Naimark dilations of qubit POVMs and joint measurements

TL;DR

This paper introduces a novel method using Naimark dilations to determine measurement compatibility in qubit systems, providing a comprehensive analytical framework that complements existing numerical and analytical approaches.

Contribution

The authors develop a general approach based on minimal Naimark dilations to characterize measurement compatibility, including for binary, ternary, and continuous qubit measurements.

Findings

Characterizes compatible measurements via block-diagonal representations in Naimark dilations.

Retrieves the Busch criterion for binary qubit measurements.

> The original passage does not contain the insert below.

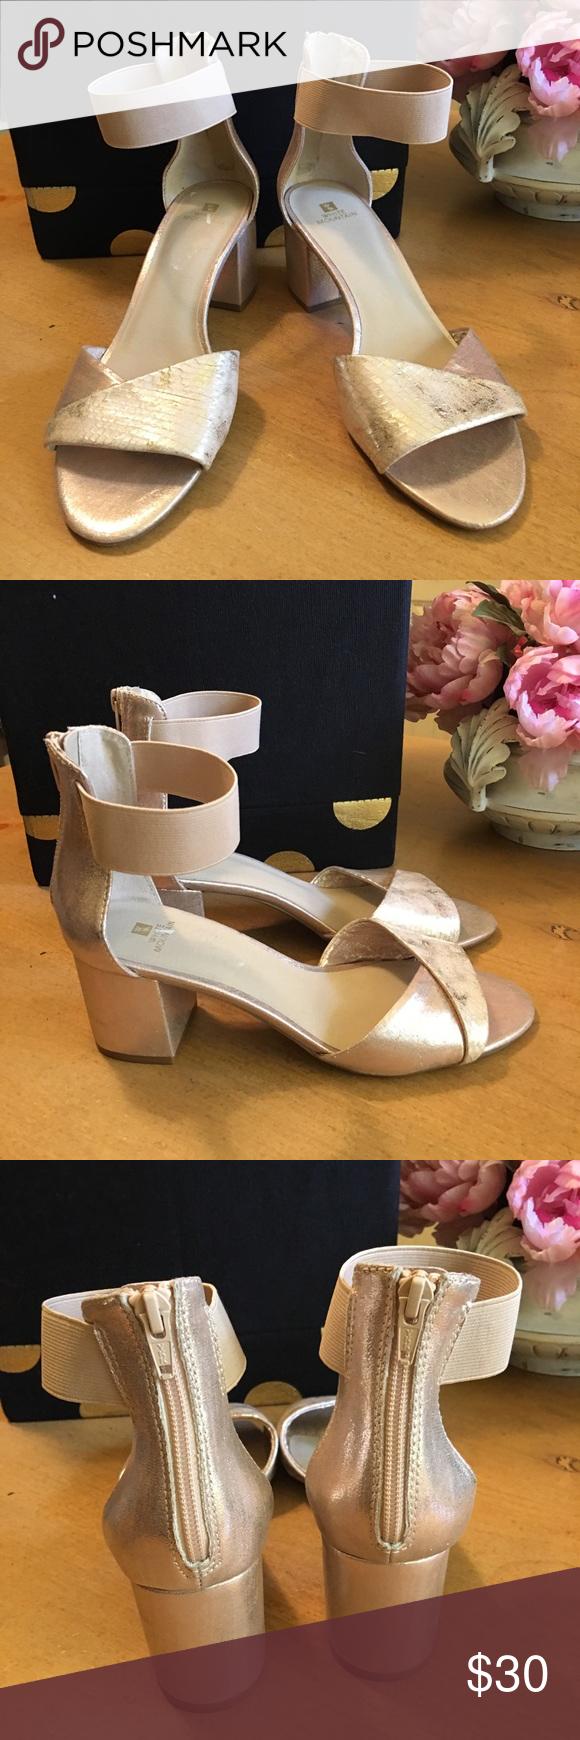 White Mountain Evie Gold Sandals 8.5 M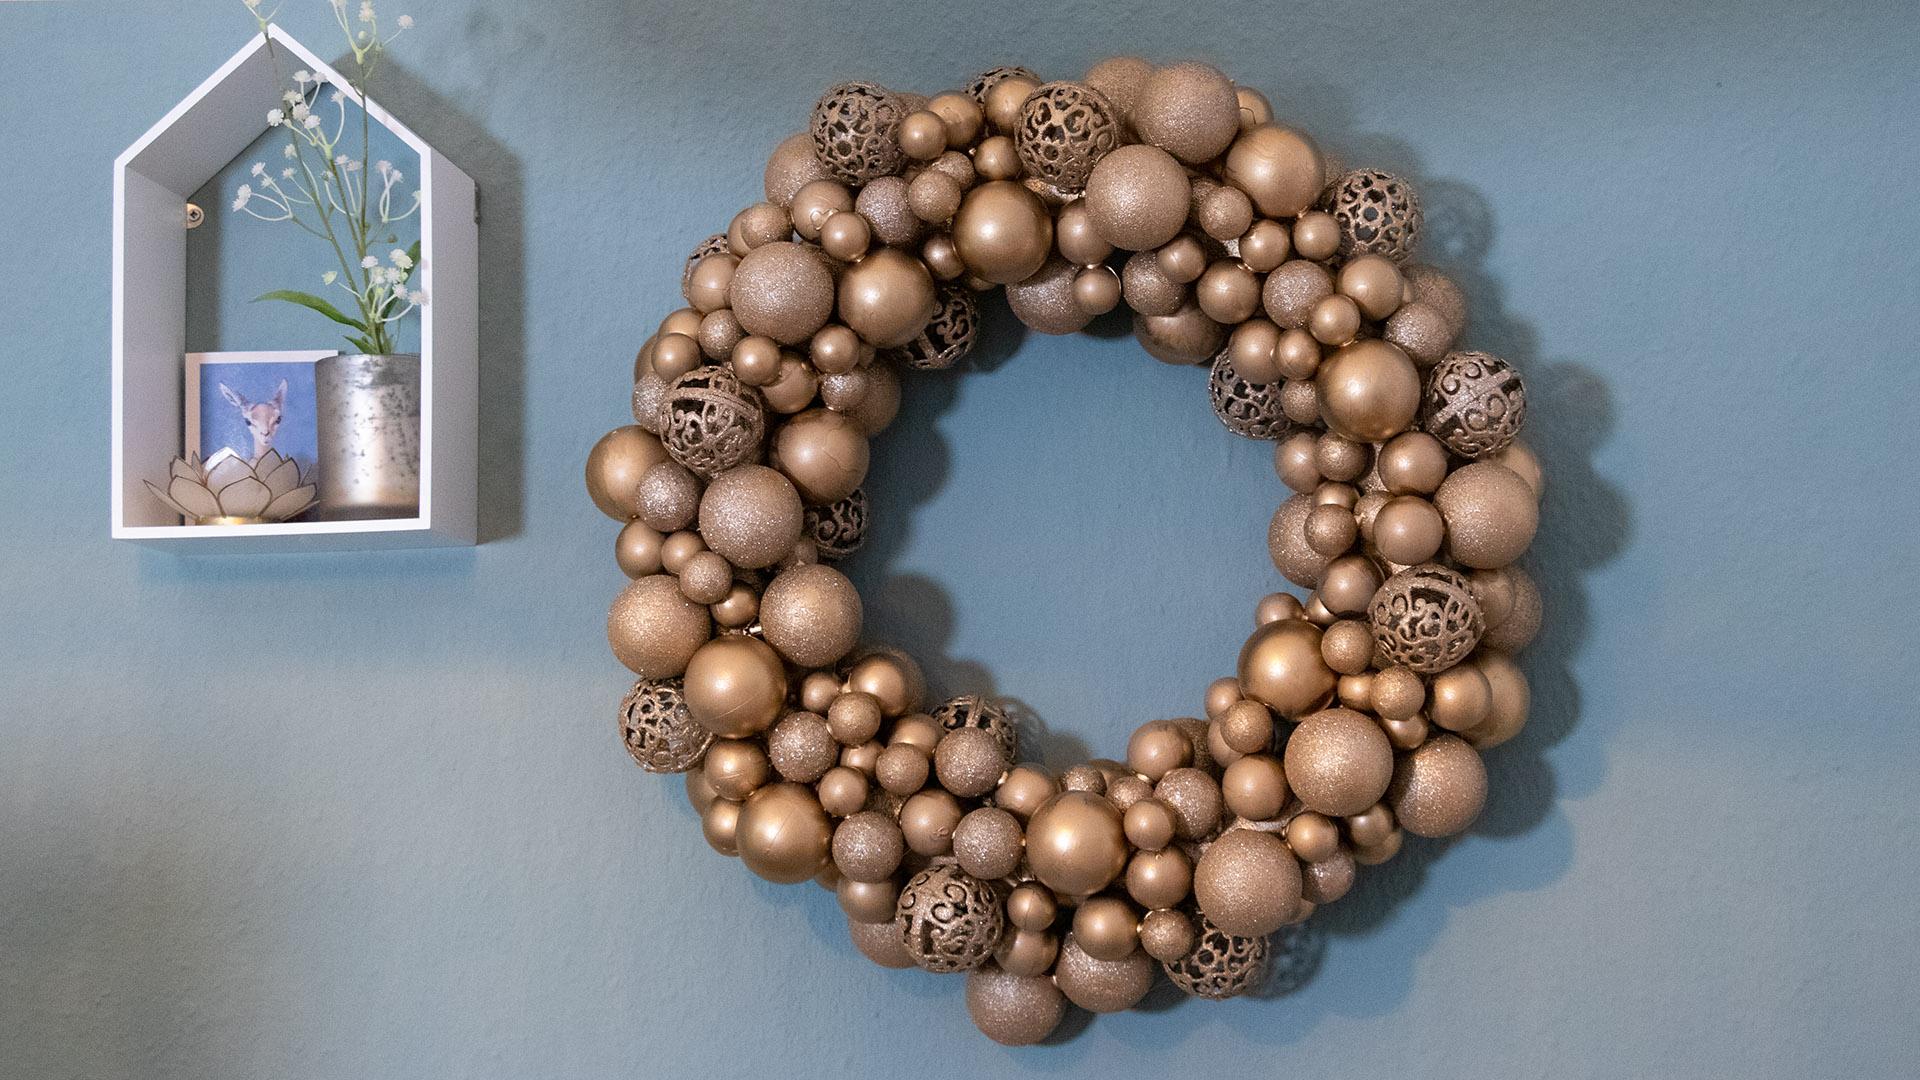 letters-and-beads-diy-weihnachtskranz-basteln-upcycling-weihnachtskugeln-header

Applies the method to special cases of ternary and continuous qubit measurements.

Abstract

Measurement incompatibility is one of the cornerstones of quantum theory. This phenomenon appears in many forms, of which the concept of non-joint measurability has received considerable attention in the recent years. In order to characterise this non-classical phenomenon, various analytical and numerical methods have been developed. The analytical approaches have mostly concentrated on the qubit case, as well as to scenarios involving sets of measurements with symmetries, such as position and momentum or sets of mutually unbiased bases. The numerical methods can, in principle, decide any finite-dimensional and discrete joint measurability problem, but they naturally have practical limitations in terms of computational power. These methods exclusively start from a given set of measurements and ask whether the set possesses incompatibility. Here, we take a complementary approach by asking which measurements are compatible with a given measurement. It turns out, that this question can be answered in full generality through a minimal Naimark dilation of the given measurement: the set of interest is exactly those measurements that have a block-diagonal representation in such dilation. We demonstrate the use of the technique through various qubit examples, leading to an alternative characterisation of all compatible pairs of binary qubit measurements, which retrieves the celebrated Busch criterion. We further apply the technique to special examples of trinary and continuous qubit measurements.